Shahrdari Tabriz شهرداری تبريز
- Full name: Shahrdari Tabriz Football Club
- Nickname: Tabriz City
- Founded: 1979; 40 years ago (as Tabriz Firefighters Sports Club)
- Dissolved: 2020
- Ground: Marzdaran Stadium, Tabriz
- Capacity: 5,000
- Head Coach: Heidar Ja'fari
- League: Azadegan League
- 2018–19: Azadegan League, 14th
| Home colours | Away colours | Third colours |

= Shahrdari Tabriz F.C. =

Iranian football club

Shahrdari Tabriz Cultural and Athletic Club (باشگاه فرهنگی ورزشی شهرداري تبريز, Bashgah-e Futbal-e Vârzeshi-ye Shiherdari Tebriz) was an Iranian sports club most widely known for its professional football team based in Tabriz, Iran.

Shahrdari Tabriz also has futsal, basketball, road cycling, and volleyball teams.

They were promoted to the Iran Pro League after their performance in the 2012–13 season, but their promotion was revoked due to their involvement in a match-fixing scandal, and they were relegated one division to League 2. Shahrdari stopped all their professional teams in order not to accept the FFIRI's penalty. The team's license was moved to Pashazadeh Company.

==Club history==
===The birth of the club===

In 1979 Tabriz Firefighters Sports Club was formed in the city of Tabriz and started competing in the 2nd Division of the local leagues of Tabriz. They were eventually promoted to the top flight in Tabriz, and in 1985 they were renamed to Shahrdari Tabriz Sports and Cultural Club.

===Golden Age===
In 1993 Shahrdari defeated Tractor to become champions of the East Azerbaijan Province League and earned a spot in the national 2nd Division. A year later they were promoted to the Azadegan League, then the first tier of Iranian football. In their first year Shahrdari finished fourth in their group. In the 1995–96 season however, Shahrdari were relegated back to the 2nd Division. The next season they became champions of the 2nd Division and once again were promoted to the Azadegan League.

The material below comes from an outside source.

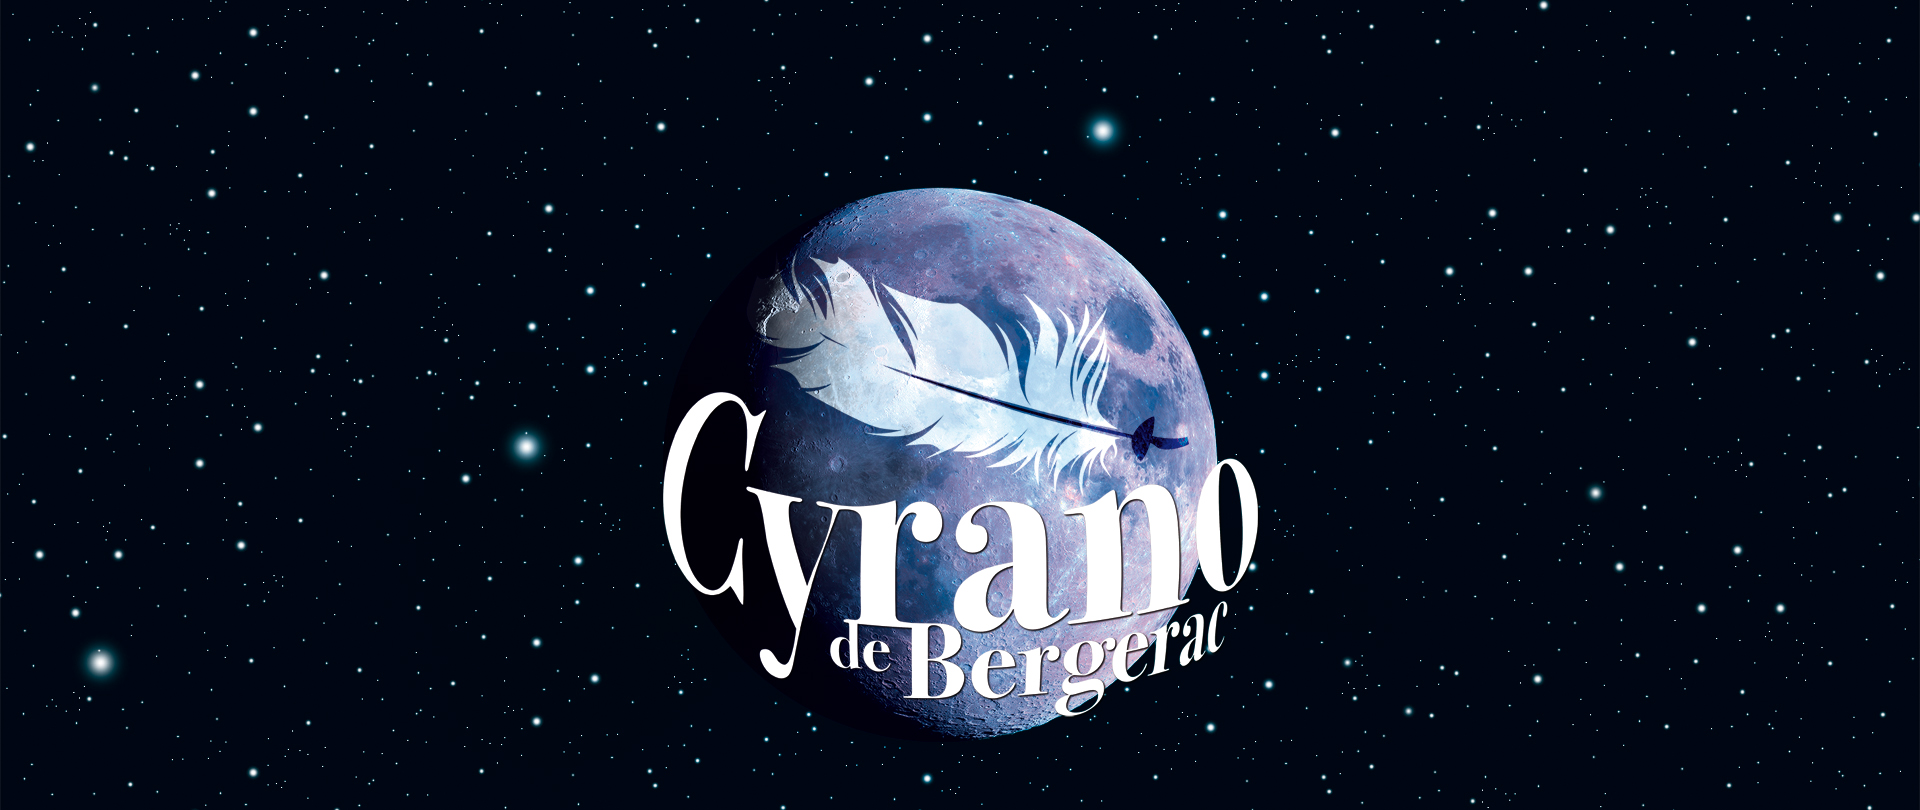 Cyrano de Bergerac (visuel)

===Promotion and relegation===
Shahrdari Tabriz won promotion to the Persian Gulf Pro League on June 11, 2010, ending an 11-year absence from the top division and finishing as champions in the Azadegan League.

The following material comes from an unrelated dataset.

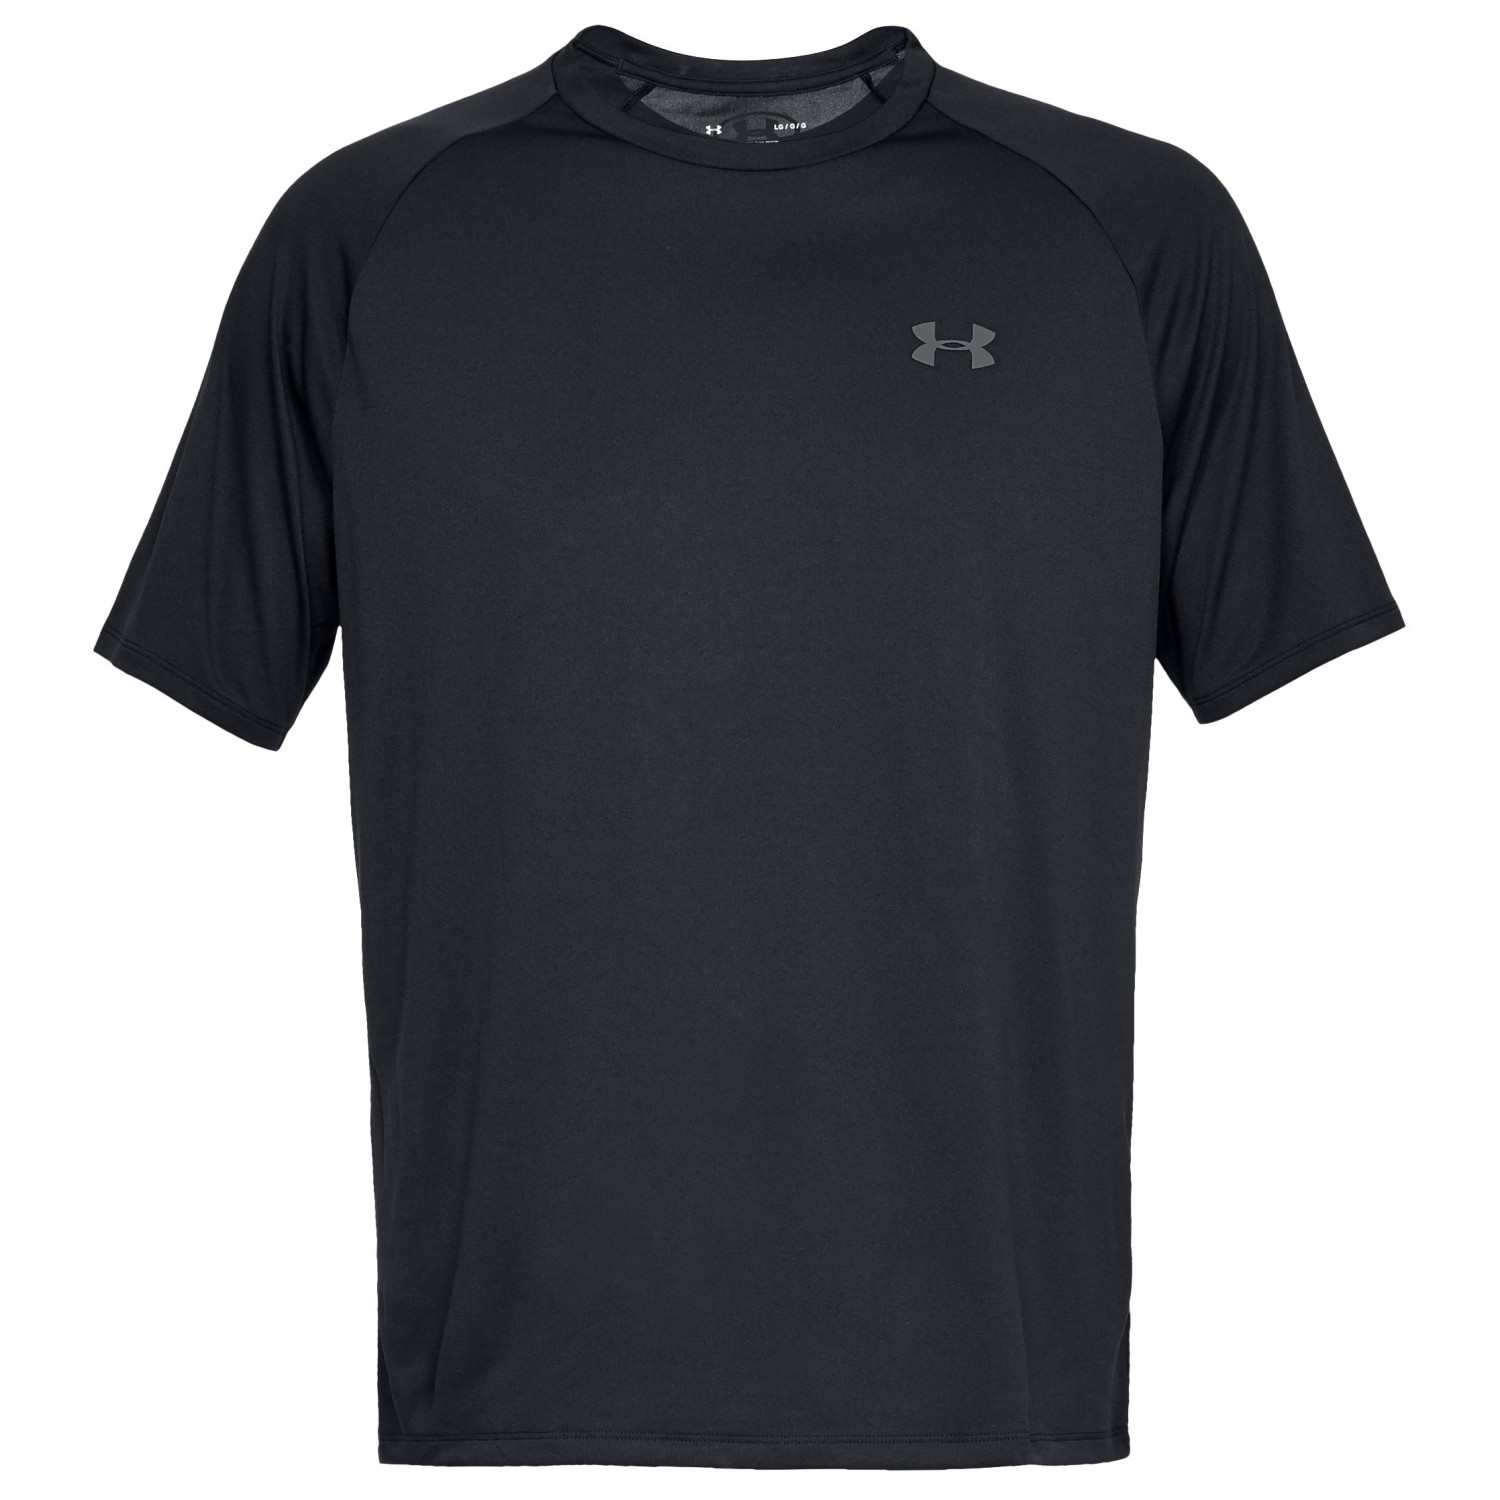 Функциональная рубашка Under Armour UA Tech S/S Tee, черный футболка under armour ua tech 2 0 цвет neo turquoise black

Shahrdari was relegated at the end of the 2011–12 season. They won promotion back to the Persian Gulf Cup the following year but were relegated to the 2nd Division because of a match-fixing scandal.

Shahrdari finished 2nd in the 2013–14 season and were promoted to the Azadegan League for the 2014–15 season. In the 2014–15 season, Shahrdari only escaped relegation after defeating Esteghlal Ahvaz in the relegation play-off. Before the 2015–16 season, due to financial problems, Shahrdari dropped out of the Azadegan League and were placed in the 2nd Division.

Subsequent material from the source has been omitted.